Status
Current state: Accepted
Discussion thread: https://lists.apache.org/thread.html/rdc6a06316882d24b224444b81cd0cc5debfe7020c57ed6dd52334f9a%40%3Cdev.lucene.apache.org%3E
JIRA:
-
SOLR-17065Getting issue details...
STATUS
Released: NA
Motivation
Large scale Solr installations often require cross data-center replication in order to achieve data replication for both, access latency reasons as well as disaster recovery.
In the past users have either designed their own solutions to deal with this or have tried to rely on the now-deprecated CDCR.
It would be really good to have support for cross data-center replication within Solr, that is offered and supported by the community. This would allow the effort around this shared problem to converge.
Public Interfaces
Briefly list any new interfaces that will be introduced as part of this proposal or any existing interfaces that will be removed or changed. The purpose of this section is to concisely call out the public contract that will come along with this feature.
The definition of a public interface is found on the main SIP page.
Proposed Changes
The XDC replication design intends to use an independent messaging layer in the middle. This layer would allow Solr to concentrate on what it does best, instead of having to also behave like a message queue.
Solr would provide an abstraction that would allow users to implement a solution that supports their messaging system of choice.

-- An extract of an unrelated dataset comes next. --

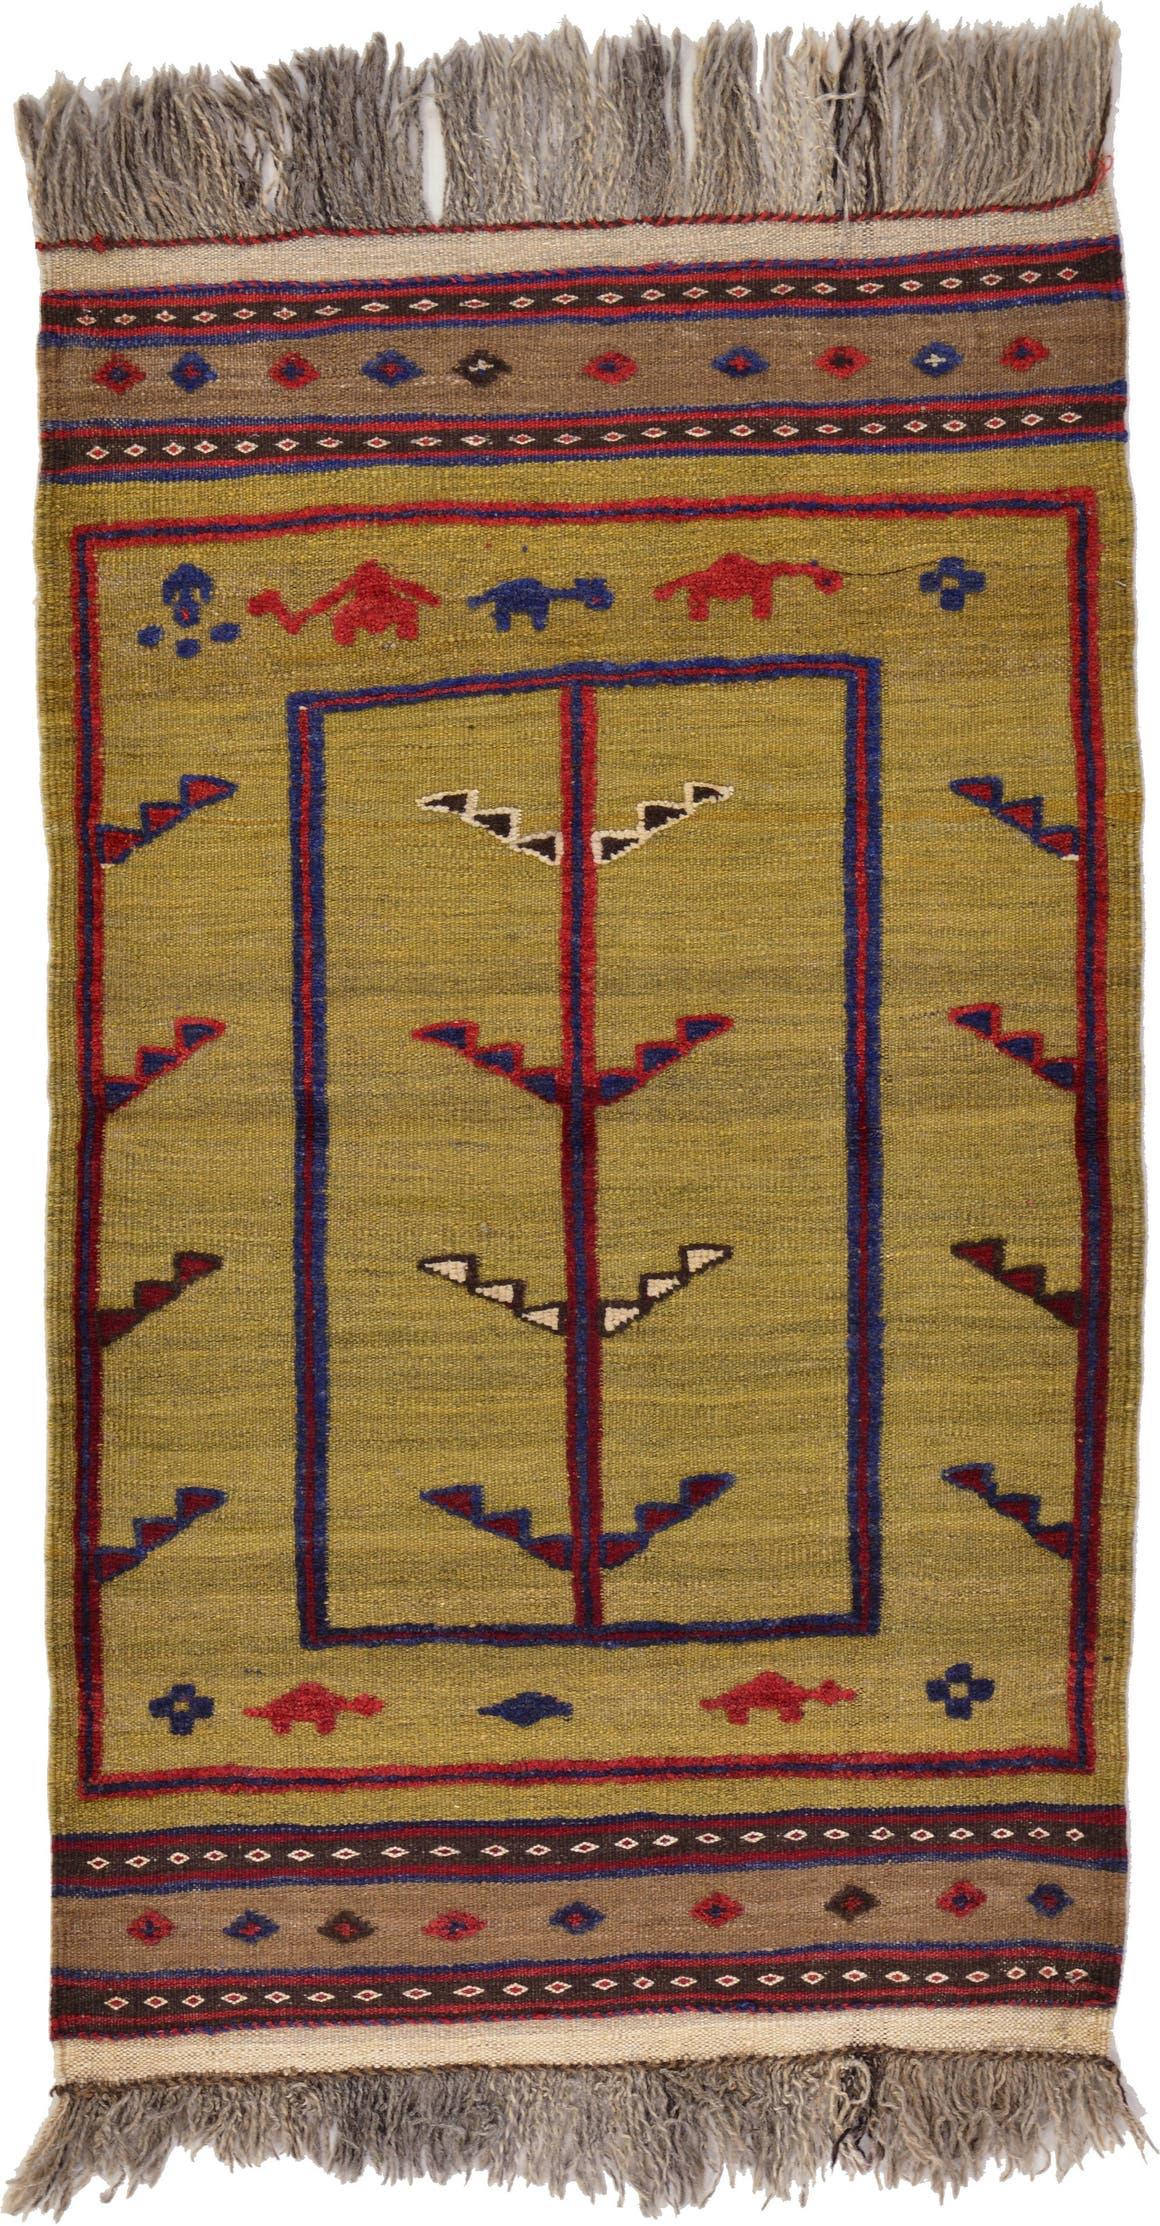 2' 7 x 4' 4 Kilim Afghan Rug main image

The Solr cluster that receives the updates first would have the extra responsibility of versioning the documents, and pushing them to a messaging queue of choice. Once done, the mirroring logic outside of Solr would be responsible for copying this data to a local topic/queue for other DR clusters. (Diagram Below)
Data Flow
Cross DC Consumer
- Read packet
- Extract and send to local SolrCloud
- Retry or
- Ignore
- If OK, move forward
- If Error
Update Flow
- Send request from the client
- Receive by a Solr instance and process by the update request processor(s)
- Version the document
- Index locally
- Forward the document with the version.
- Use the existing version, Index locally
- Is this the original recipient of the document? If yes:
- If this is not the original recipient
- Handle Delete requests
- Convert Delete by Query to Delete by IDs, with versions
Admin requests
Conditionally replicate the admin requests. Collection creation should be replicated so that a user can start sending updates without having to remember to manually create collections in all clusters. The original replication factor would be the same across the clusters.
All subsequent replica management requests e.g. ADDREPLICA or DELETEREPLICA should not be mirrored as these are used to handle query/update scaling in specific DCs.
Architecture
Cross-DC Consumer
Cross-DC consumer would be a standalone application that would consume data from a messaging queue, and write to Solr.
Reading from the messaging queue, and writing back to a retry queue would be abstracted out, allowing users to have custom implementations based on their choice of queue.
Sending updates to Solr would be implemented as part of the consumer, in a manner that would allow users to extend the application to handle custom requests.
Interface SourceQueue
- readPacket
- resubmit
Interface TargetStore
- process()
- Returns ENUM - success, failure, retry, resubmit
Admin Interface to skip/rewind the queue pointer
Solr Package
The Solr package would be deployed with the Solr instance. This would basically include an Update Request Processor which would handle the following:
- Deletes - both, by ID and by Query. This is still WIP in terms of how to handle this.
- Forward update requests to the messaging queue, if the request hasn’t been replicated to other DCs.
Deploying and enabling
Based on the current proposal, deploying the XDC solution would include deploying and configuring the consumer as well as the plugin.
The plugin should be standard and agnostic of the messaging queue and other replicated clusters.
This information can be provided by either an independent znode or a cluster property.
Open Questions
Update Failure
Consider the following situation:
- Document is sent by the client.
- DC1 versions the doc [doc1] version1
- Before writing to the message queue, the Solr instance dies.
- The document is now indexed locally, but does not exist anywhere else.
Proposed Solution: Require clients to ensure update response comes back positive. Retry if it doesn’t (conditionally).
Handling deletes
Security considerations
Compatibility, Deprecation, and Migration Plan
- What impact (if any) will there be on existing users?
- If we are changing behavior how will we phase out the older behavior?
- If we need special migration tools, describe them here.
- When will we remove the existing behavior?
Test Plan
Describe in few sentences how the SIP will be tested. We are mostly interested in system tests (since unit-tests are specific to implementation details). How will we know that the implementation works as expected? How will we know nothing broke?
Rejected Alternatives
If there are alternative ways of accomplishing the same thing, what were they? The purpose of this section is to motivate why the design is the way it is and not some other way.